Oakley’s father, mother and older sister all served in the Army, reported the website Task & Purpose, which interviewed him. His father retired as a sergeant major after 31 years in 2011; his mother retired after 20 years as a master sergeant about a decade earlier.

An automated logistics specialist assigned to the 504th Composite Supply Company, 142nd Combat Support Sustainment Battalion, 1st Armored Division Sustainment Brigade, Oakley joined the Army in 2017 and deployed to Kuwait the following year, returning to Texas earlier this year, the website reported.
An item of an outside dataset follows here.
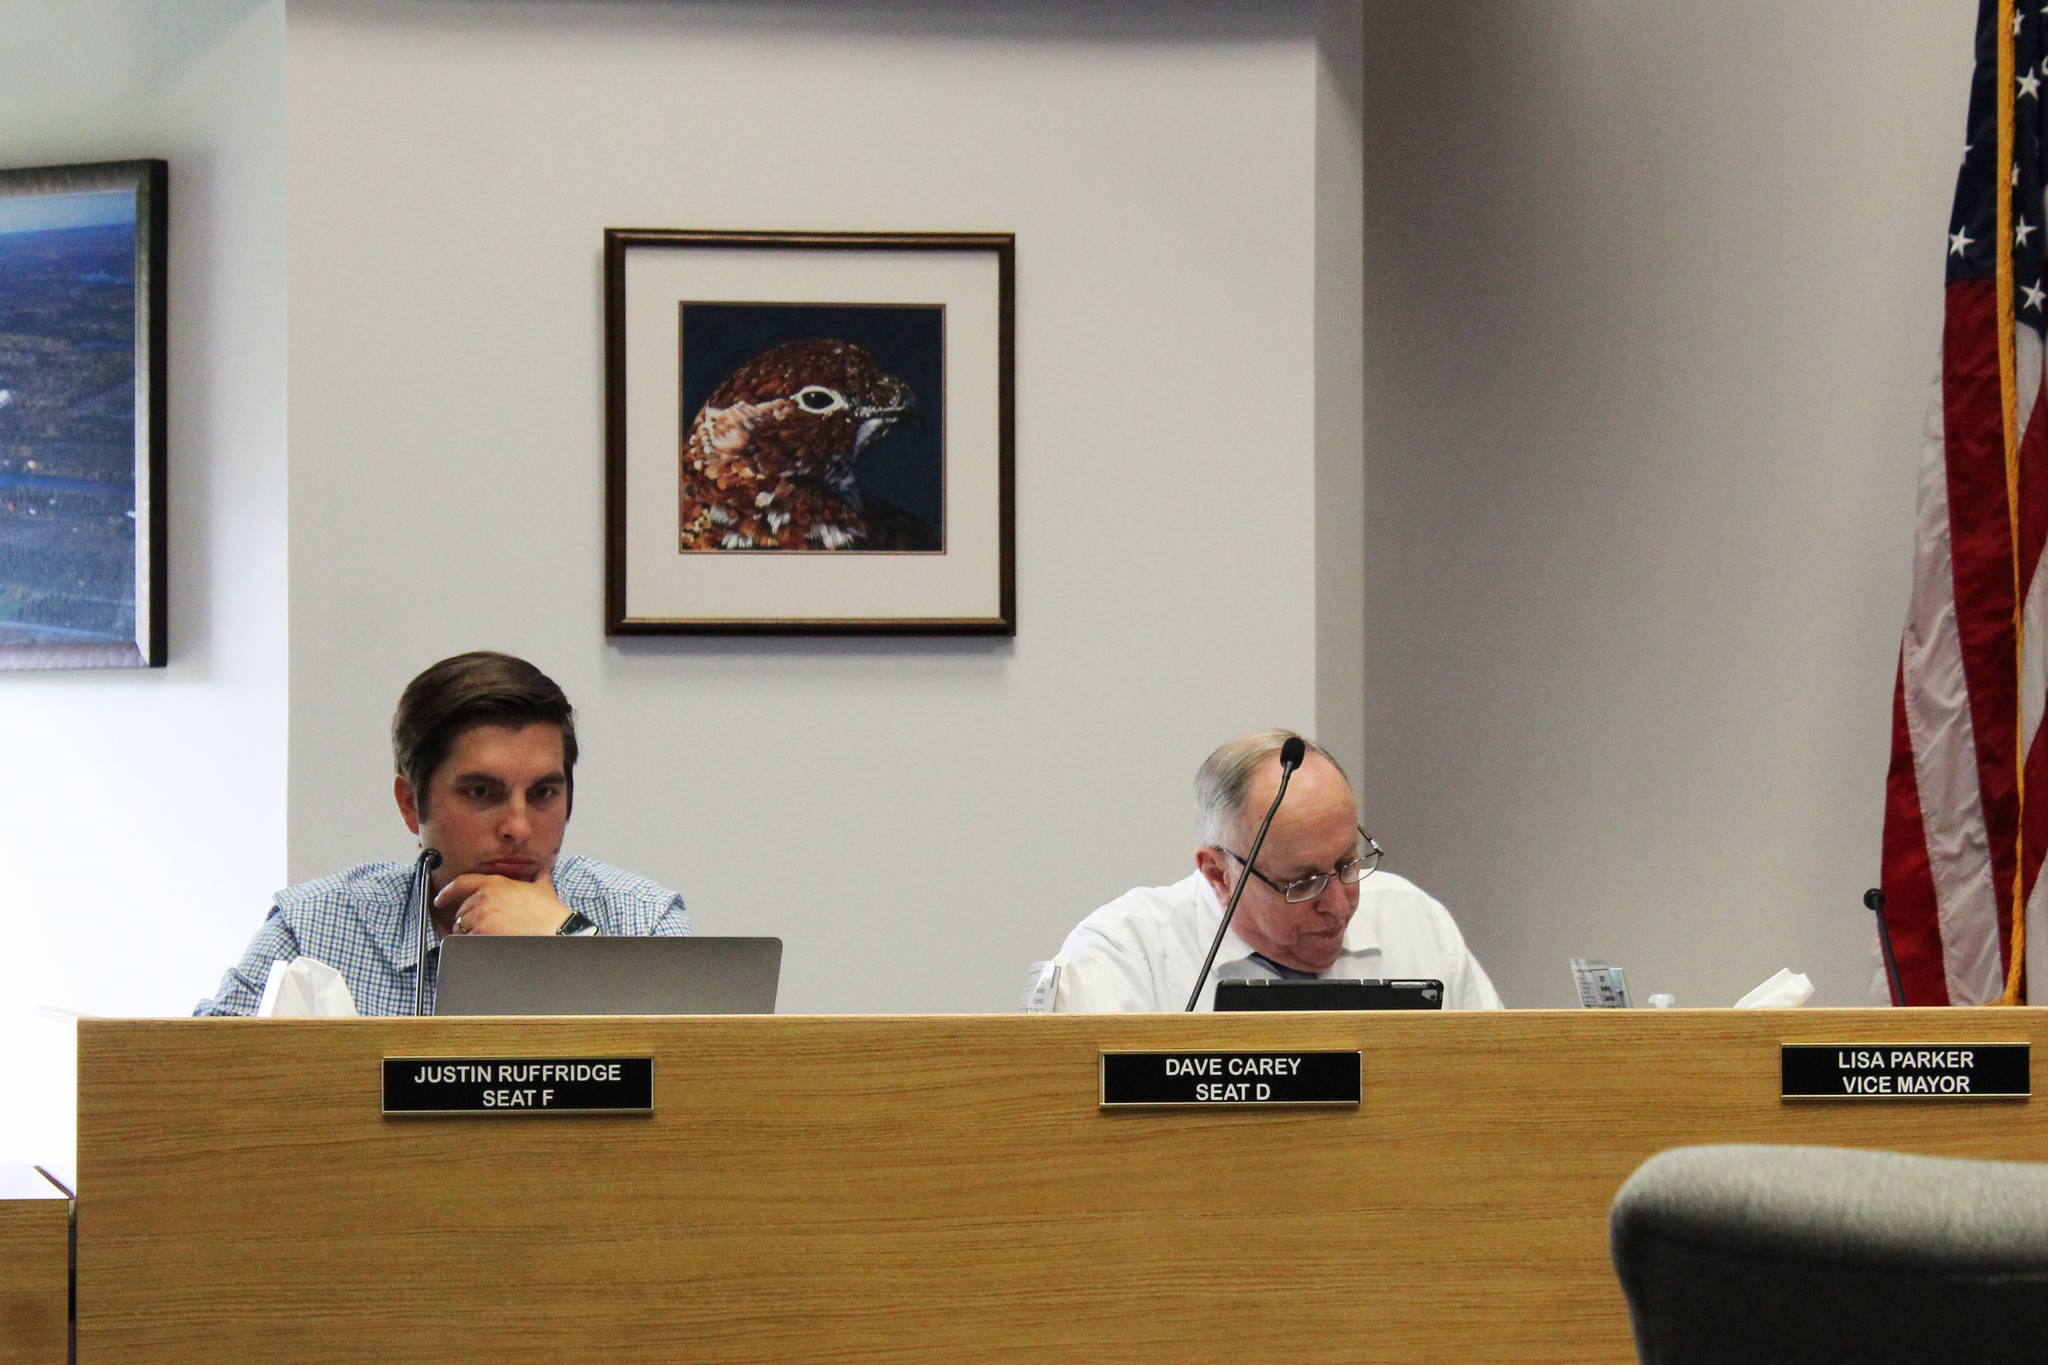 Justin Ruffridge and Dave Carrey attend a meeting of the Soldotna City Council on Wednesday, July 28, 2021 in Soldotna, Alaska. (Ashlyn O’Hara/Peninsula Clarion)

Other servicemembers from nearby Fort Bliss also assisted in the aftermath of the event. Austin Johnson, an Army medic, volunteered to help at the shopping center and later at a school serving as a reunification center, The Associated Press reported.

The shooting over the weekend was the worst experience of his life, Oakley told reporters on Sunday, declining to go into detail about the event again and saying some of his earlier statements to the media were being twisted. He didn’t get any sleep the night before and wanted to stop having flashbacks to the event, he said.

“I don’t want to think about what happened because it was tragic,” he said. “I just want to forget about it all.”